Wenn man durch unsere kleine Ortschaft geht, trifft man zuweilen auf einige auffallende Erscheinungen…
Da schiebt vielleicht eine alte Frau im schwarzen Mantel und mit dichtem grauen Haarpelz um das faltige Gesicht, die dicken Strümpfe in klobigen Schuhen, den Wagen an mir vorüber. Ein brauner Dackel guckt mit listigen Augen aus dem Korb ihres klapprigen Rollators. Das entflohene Tier sei ihr vor Reue demütig wieder in den Korb gehüpft, berichtet das Frauchen.

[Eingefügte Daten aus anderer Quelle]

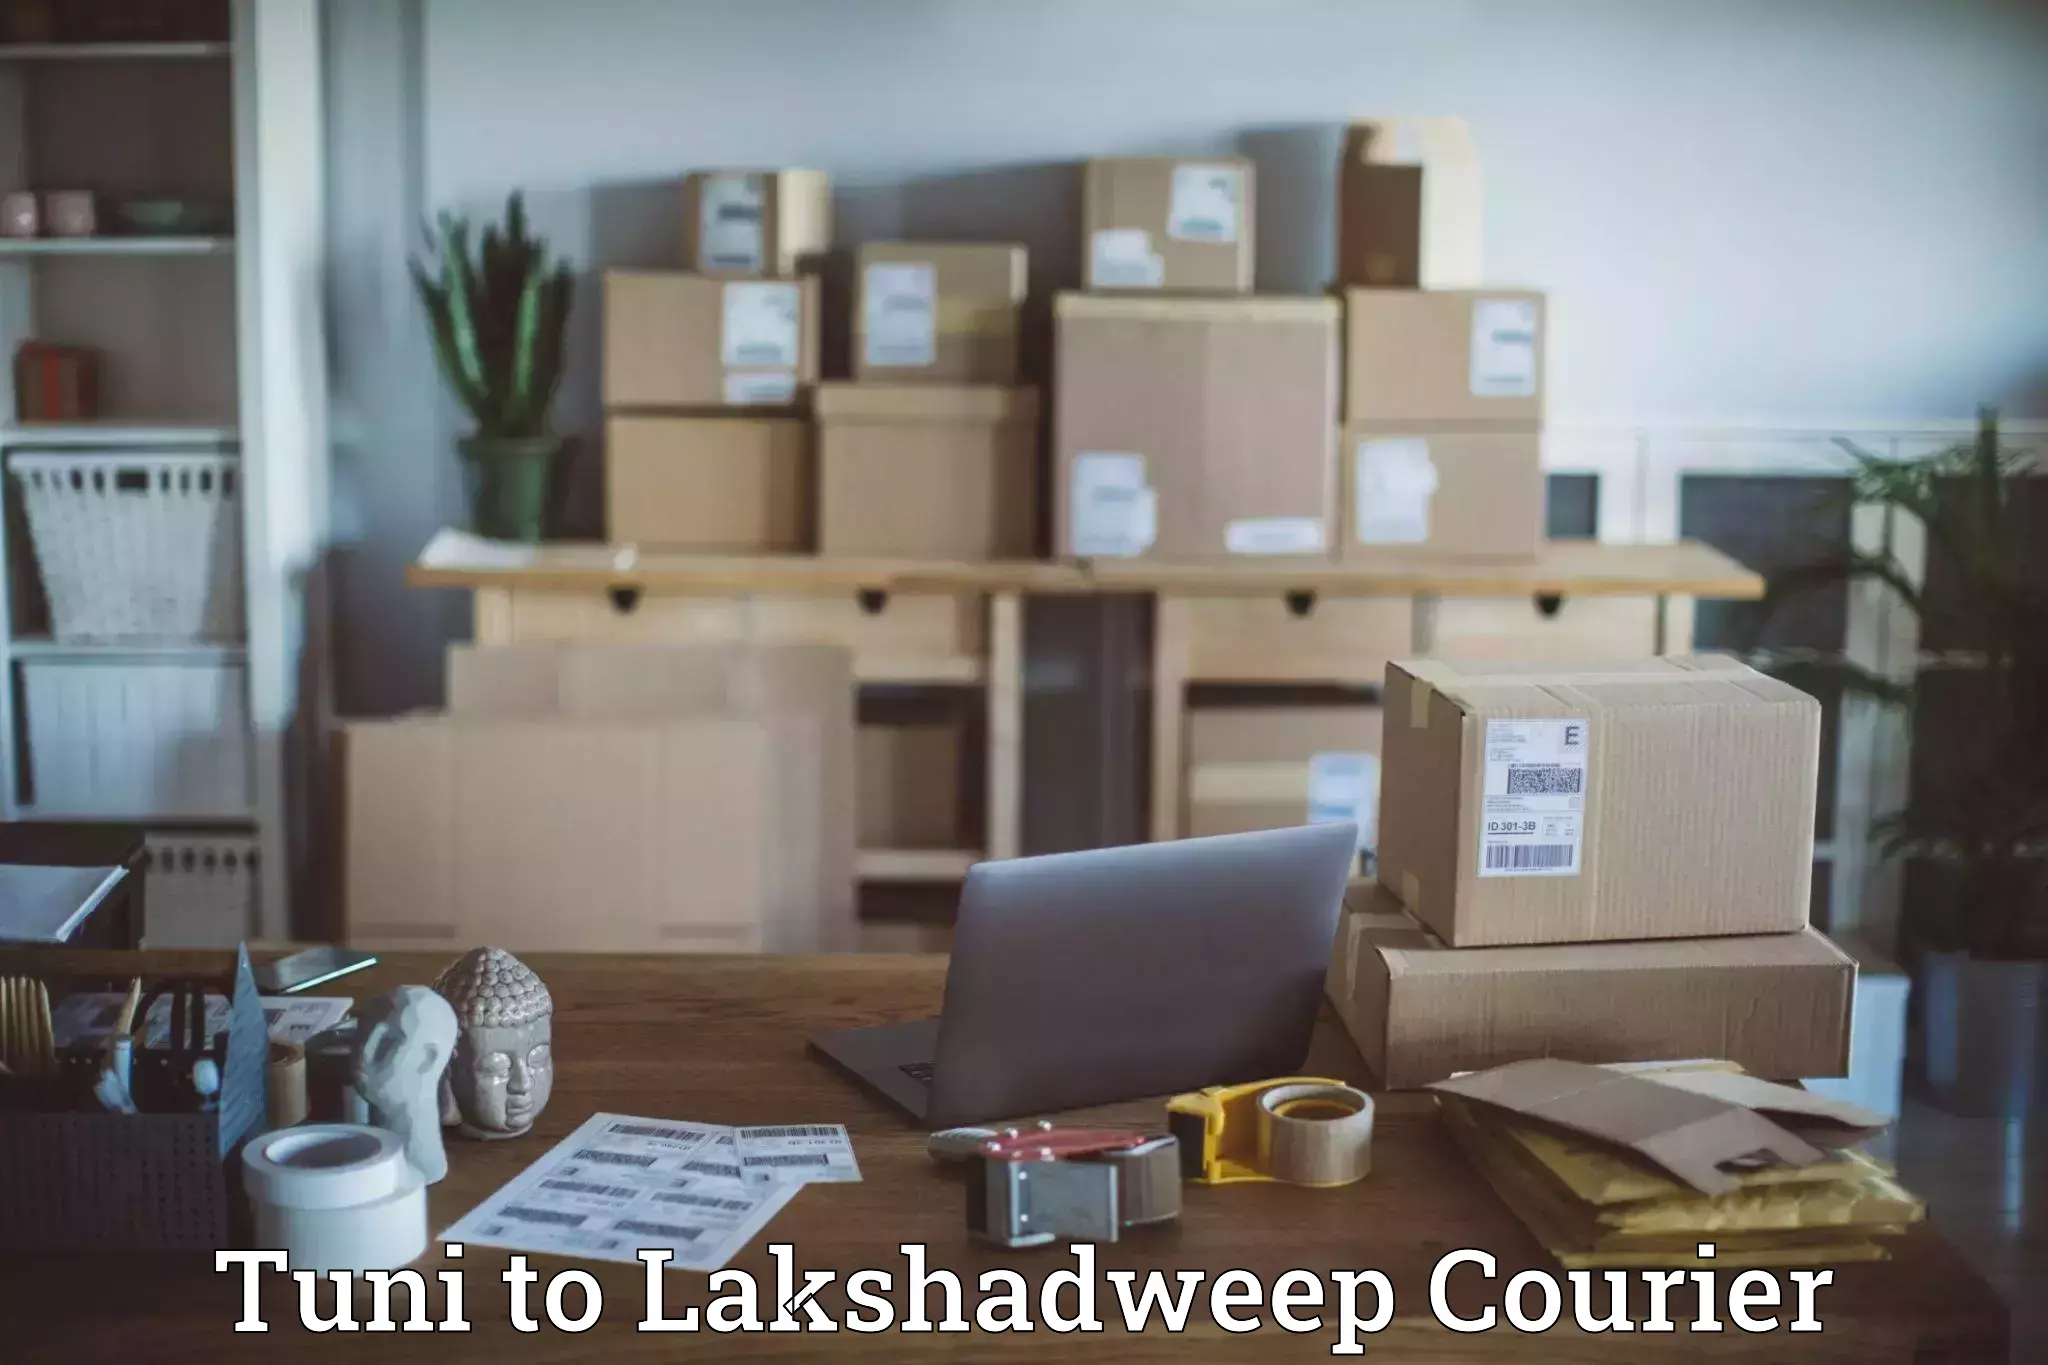 Express courier facilities in Tuni to Lakshadweep

Die Beiden leben nun schon seit mehreren Jahren in ihrem Wohnwagen hinter der gammeligen Dorfkneipe. Das sei zumindest ein billiger Stellplatz, meint die alte Dame. Einen besseren könne sie sich bei ihrer winzigen Rente nicht leisten. Und mehrmals im Jahr würde sie sowieso mit ihrem Sohn auf Jahrmärkte fahren. Dort ist das Leben! Hier hätten sie doch nur ihr Winterquartier. Aber der Hund sei ein echter Schaustellerdackel: Der würde immer ausreißen, wenn es ihm an einem Ort zu langweilig wird.

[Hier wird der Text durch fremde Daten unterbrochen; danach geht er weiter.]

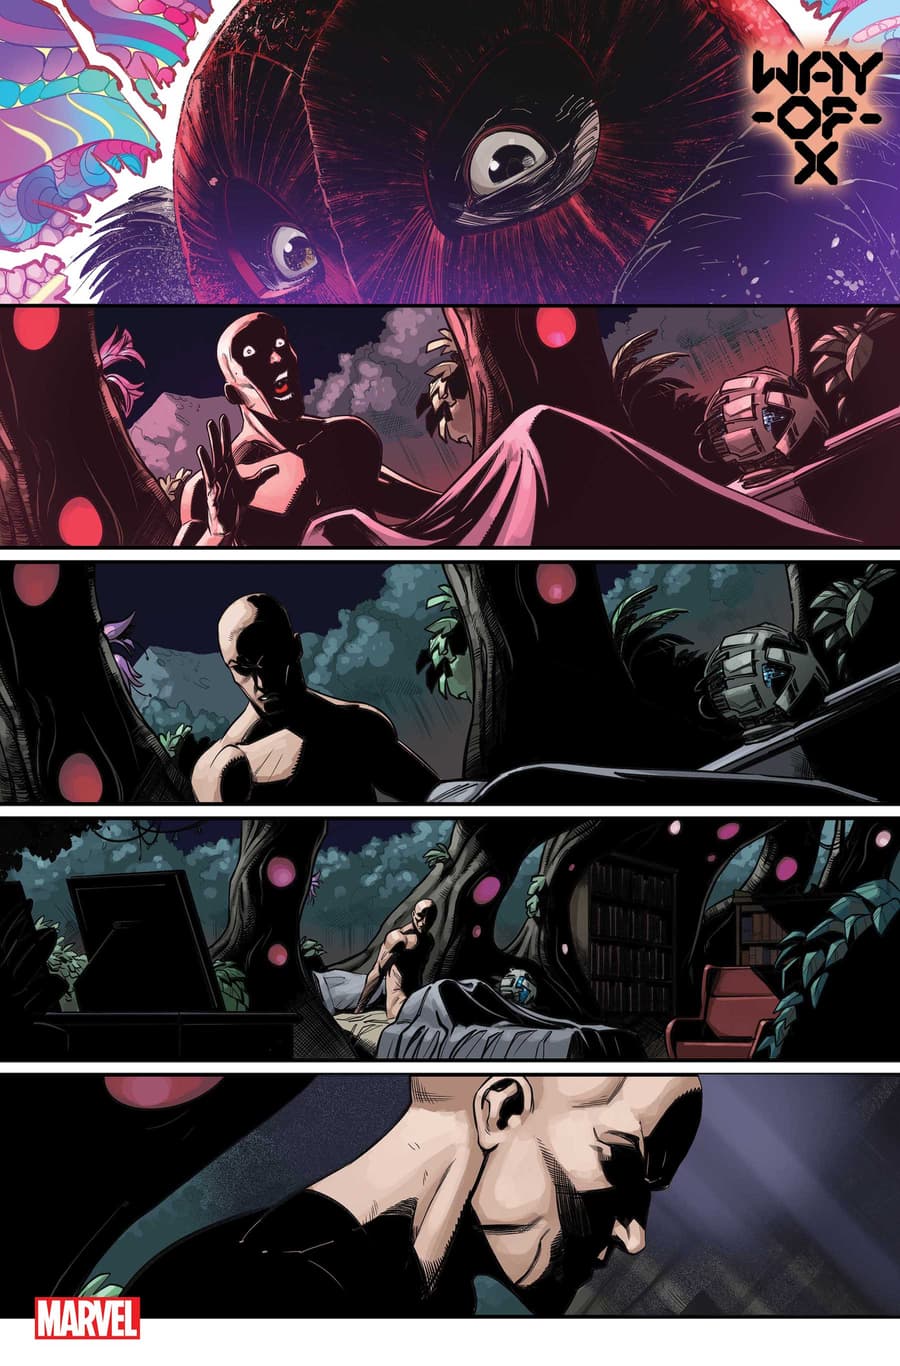 WAY OF X #1 preview interiors by Bob Quinn with colors by Java Tartaglia

Ob sie auch manchmal bedauere, keine feste Wohnung zu haben? „Nein!“ lacht sie da laut auf. Anders möchte sie doch gar nicht leben! Sie würde sich in einer normalen Wohnung nur eingeengt fühlen. Außerdem hätte sie ja einen anderen Beruf wählen können, als sie noch jung war. Aber sie, wie auch ihr verstorbener Mann, brauchten schon damals die Freiheit des Schaustellerlebens!
Als es jetzt so elend kalt war, überlegte ich, ob ich ihr meinen alten warmen Lammfellmantel hinüberbringen sollte? Aber dann scheute ich mich, weil ich dachte, dass es sie kränken könnte. Diese Leute sind sehr stolz. Sie fühlen sich nicht arm.
Sonst zottelt auch manchmal ein bunt angezogenes älteres Paar hinter einem zerbeulten Kinderwagen durch den Ort. Der großgewachsene Mann, mit weißem Haar und dunklem Teint, trägt einen auffallenden, seitlich herunterhängenden Schnurrbart. Seine zarte, kleine Frau verdeckt ihr Haar mit ihrem dicken Kopftuch. Es sind armenische Kurden, Asylbewerber. Sie wohnen in einem hölzernen Haus, das die Gemeinde ihnen zur Verfügung gestellt hat. Manchmal unterhalten wir uns auf der Straße. Sie zeigen mir dann, dass sie kein kleines Kind im Wagen haben, sondern nur ihren Einkauf transportieren. Damit die Frau nicht so schwer tragen muss.
Vor bestimmten Feiertagen läuten die Beiden an unserer Haustür. Die Frau wendet sich dabei ab, weil sie Angst vor dem großen Hund hat, der Mann tritt nur einen Schritt zurück. Nach einer Kehlkopfoperation kann er nicht mehr sprechen. Darum beginnt er zu deuten, zu gurgeln und zu zischen und weist dabei auf seine Frau und sich.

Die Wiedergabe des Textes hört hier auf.